START Given entries
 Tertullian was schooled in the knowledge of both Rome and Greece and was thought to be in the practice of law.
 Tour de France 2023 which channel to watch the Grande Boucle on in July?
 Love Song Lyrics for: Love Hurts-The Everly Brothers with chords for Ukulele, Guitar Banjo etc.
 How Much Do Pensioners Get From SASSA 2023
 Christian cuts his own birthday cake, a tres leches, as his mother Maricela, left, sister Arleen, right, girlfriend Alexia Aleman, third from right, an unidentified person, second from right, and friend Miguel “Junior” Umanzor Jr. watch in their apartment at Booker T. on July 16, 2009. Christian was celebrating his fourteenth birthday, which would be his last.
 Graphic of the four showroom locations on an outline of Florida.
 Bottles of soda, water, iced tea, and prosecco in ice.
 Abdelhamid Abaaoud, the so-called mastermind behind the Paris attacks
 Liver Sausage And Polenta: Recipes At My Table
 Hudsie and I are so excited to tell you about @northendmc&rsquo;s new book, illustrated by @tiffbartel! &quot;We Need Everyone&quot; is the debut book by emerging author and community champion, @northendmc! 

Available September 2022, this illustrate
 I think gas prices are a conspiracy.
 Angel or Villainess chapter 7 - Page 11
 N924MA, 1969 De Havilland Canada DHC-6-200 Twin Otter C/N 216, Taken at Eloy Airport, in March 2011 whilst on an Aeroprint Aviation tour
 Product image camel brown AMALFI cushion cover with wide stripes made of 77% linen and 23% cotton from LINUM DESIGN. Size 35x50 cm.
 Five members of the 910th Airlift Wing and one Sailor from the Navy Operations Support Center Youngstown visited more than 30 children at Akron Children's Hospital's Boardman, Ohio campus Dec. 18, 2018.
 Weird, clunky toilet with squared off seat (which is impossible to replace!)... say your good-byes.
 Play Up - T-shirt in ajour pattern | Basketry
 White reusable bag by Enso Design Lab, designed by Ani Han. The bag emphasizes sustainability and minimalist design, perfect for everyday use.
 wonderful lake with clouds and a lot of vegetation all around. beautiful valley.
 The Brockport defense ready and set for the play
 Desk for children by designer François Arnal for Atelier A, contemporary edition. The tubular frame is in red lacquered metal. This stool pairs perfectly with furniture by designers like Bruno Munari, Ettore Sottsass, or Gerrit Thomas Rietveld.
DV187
END Given entries
What is needed: Each record above is to be given again without any change to its wording.

Result of this task:
 Tertullian was schooled in the knowledge of both Rome and Greece and was thought to be in the practice of law.
 Tour de France 2023 which channel to watch the Grande Boucle on in July?
 Love Song Lyrics for: Love Hurts-The Everly Brothers with chords for Ukulele, Guitar Banjo etc.
 How Much Do Pensioners Get From SASSA 2023
 Christian cuts his own birthday cake, a tres leches, as his mother Maricela, left, sister Arleen, right, girlfriend Alexia Aleman, third from right, an unidentified person, second from right, and friend Miguel “Junior” Umanzor Jr. watch in their apartment at Booker T. on July 16, 2009. Christian was celebrating his fourteenth birthday, which would be his last.
 Graphic of the four showroom locations on an outline of Florida.
 Bottles of soda, water, iced tea, and prosecco in ice.
 Abdelhamid Abaaoud, the so-called mastermind behind the Paris attacks
 Liver Sausage And Polenta: Recipes At My Table
 Hudsie and I are so excited to tell you about @northendmc&rsquo;s new book, illustrated by @tiffbartel! &quot;We Need Everyone&quot; is the debut book by emerging author and community champion, @northendmc! 

Available September 2022, this illustrate
 I think gas prices are a conspiracy.
 Angel or Villainess chapter 7 - Page 11
 N924MA, 1969 De Havilland Canada DHC-6-200 Twin Otter C/N 216, Taken at Eloy Airport, in March 2011 whilst on an Aeroprint Aviation tour
 Product image camel brown AMALFI cushion cover with wide stripes made of 77% linen and 23% cotton from LINUM DESIGN. Size 35x50 cm.
 Five members of the 910th Airlift Wing and one Sailor from the Navy Operations Support Center Youngstown visited more than 30 children at Akron Children's Hospital's Boardman, Ohio campus Dec. 18, 2018.
 Weird, clunky toilet with squared off seat (which is impossible to replace!)... say your good-byes.
 Play Up - T-shirt in ajour pattern | Basketry
 White reusable bag by Enso Design Lab, designed by Ani Han. The bag emphasizes sustainability and minimalist design, perfect for everyday use.
 wonderful lake with clouds and a lot of vegetation all around. beautiful valley.
 The Brockport defense ready and set for the play
 Desk for children by designer François Arnal for Atelier A, contemporary edition. The tubular frame is in red lacquered metal. This stool pairs perfectly with furniture by designers like Bruno Munari, Ettore Sottsass, or Gerrit Thomas Rietveld.
DV187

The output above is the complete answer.